Object detection, a subset of computer vision, is an automated method for locating interesting objects in an image with respect to the background. For example, Figure 1 shows two images with objects in the foreground. There is a bird in the left image, while there is a dog and a person in the right image.

Solving the object detection problem means placing a tight bounding box around these objects and associating the correct object category with each bounding box. Like other computer vision tasks, deep learning is the state-of-art method to perform object detection.



# MobileNet

MobileNet is an efficient and portable CNN architecture that is used in real world applications. MobileNets primarily use depthwise seperable convolutions in place of the standard convolutions used in earlier architectures to build lighter models.MobileNets introduce two new global hyperparameters(width multiplier and resolution multiplier) that allow model developers to trade off latency or accuracy for speed and low size depending on their requirements.

For more information : https://iq.opengenus.org/mobilenet-v1-architecture/

# Single Shot Detector


Single Shot detector like YOLO takes only one shot to detect multiple objects present in an image using multibox.

It is significantly faster in speed and high-accuracy object detection algorithm.
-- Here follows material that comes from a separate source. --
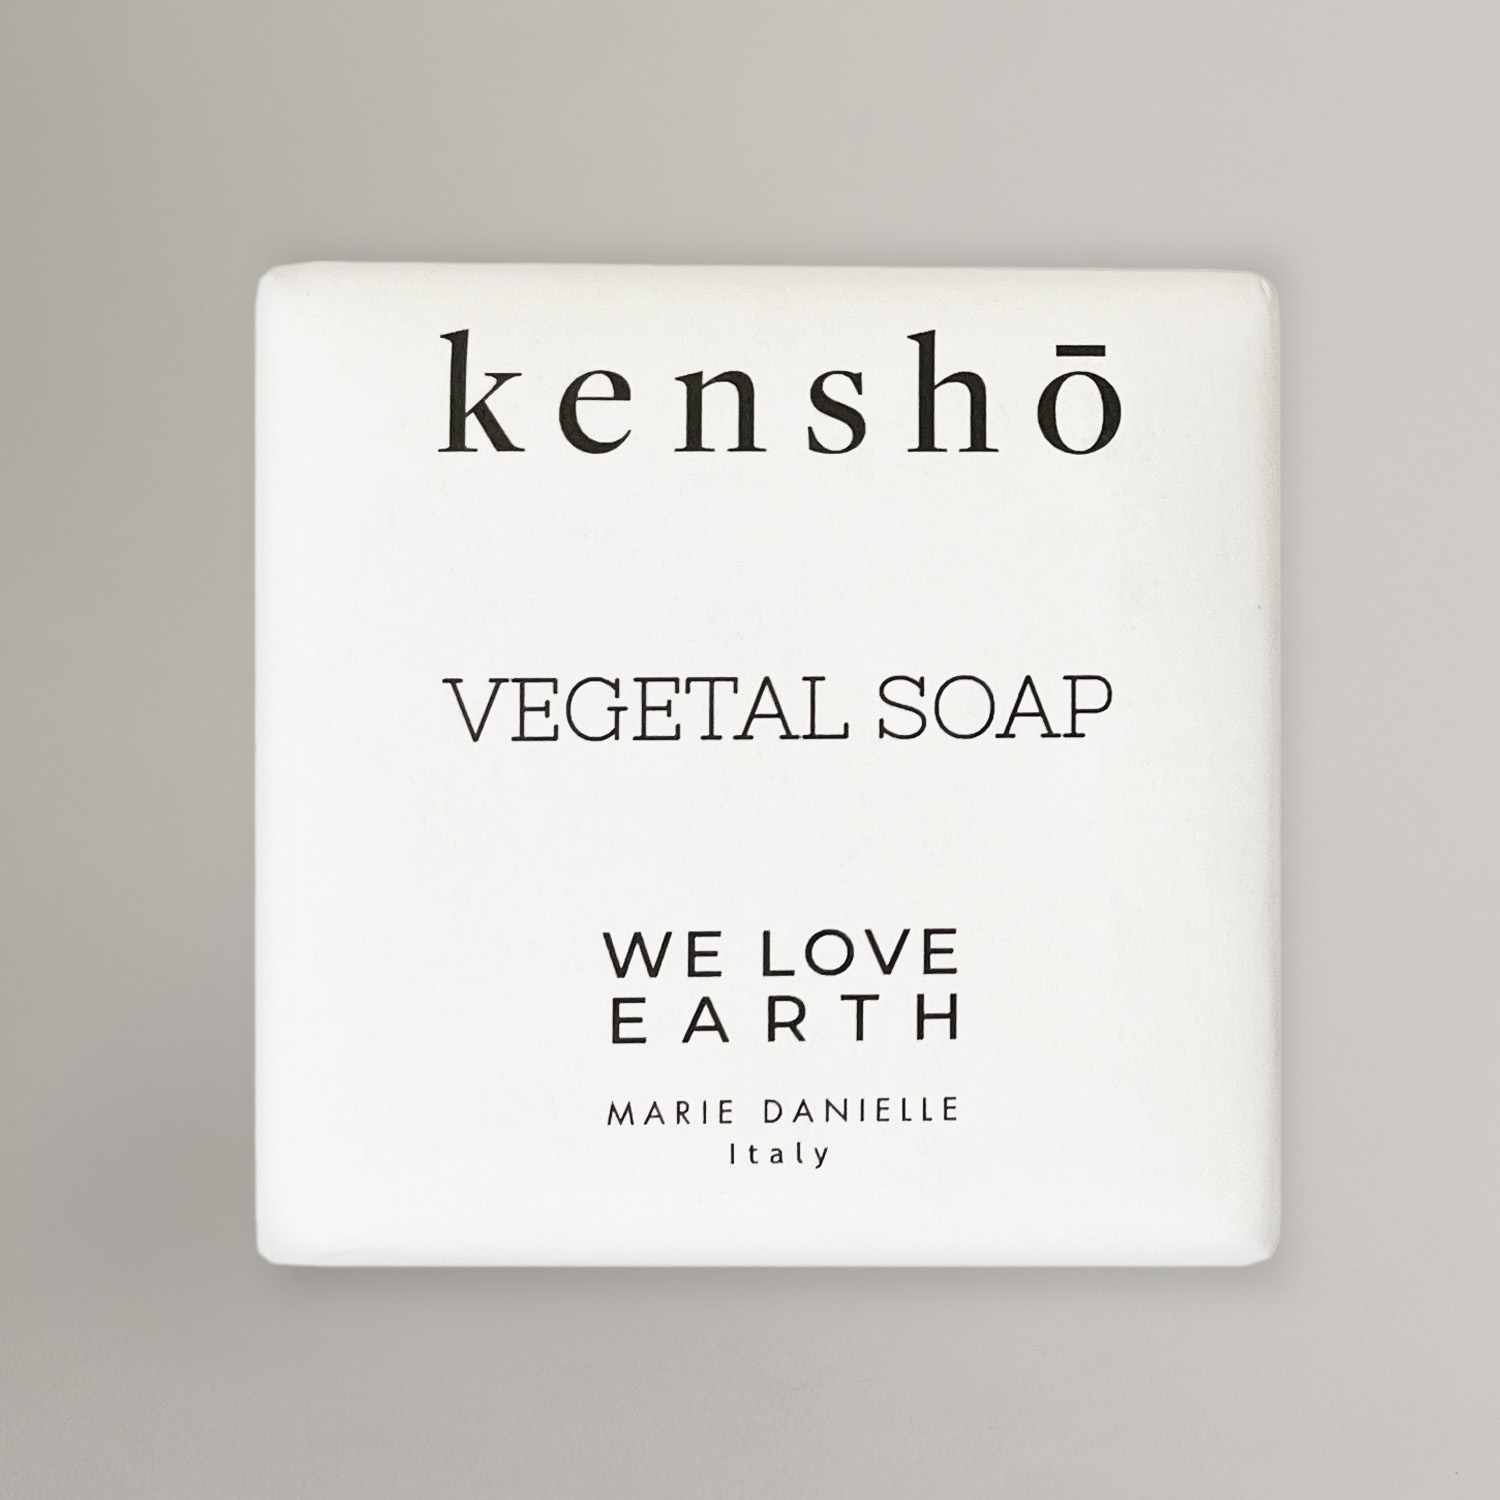 Tuhé mýdlo Kenshō 20g

A quick comparison between speed and accuracy of different object detection models on VOC2007

For more info: https://towardsdatascience.com/review-ssd-single-shot-detector-object-detection-851a94607d11

# Combining MobileNets and Single Shot Detectors for fast, efficient deep-learning based object detection

we will use the MobileNet SSD + deep neural network (dnn ) module in OpenCV to build our object detector.
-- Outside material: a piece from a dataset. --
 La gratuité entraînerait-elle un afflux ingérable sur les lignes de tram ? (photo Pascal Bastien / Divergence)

# IMPORTING NECESSARY PACKAGES

In [1]:
import numpy as np
import argparse
import cv2

In [2]:
# initialize the list of class labels MobileNet SSD was trained to
# detect, then generate a set of bounding box colors for each class
CLASSES = ["background", "aeroplane", "bicycle", "bird", "boat",
"bottle", "bus", "car", "cat", "chair", "cow", "diningtable",
"dog", "horse", "motorbike", "person", "pottedplant", "sheep",
"sofa", "train", "tvmonitor"]
COLORS = np.random.uniform(0, 255, size=(len(CLASSES), 3))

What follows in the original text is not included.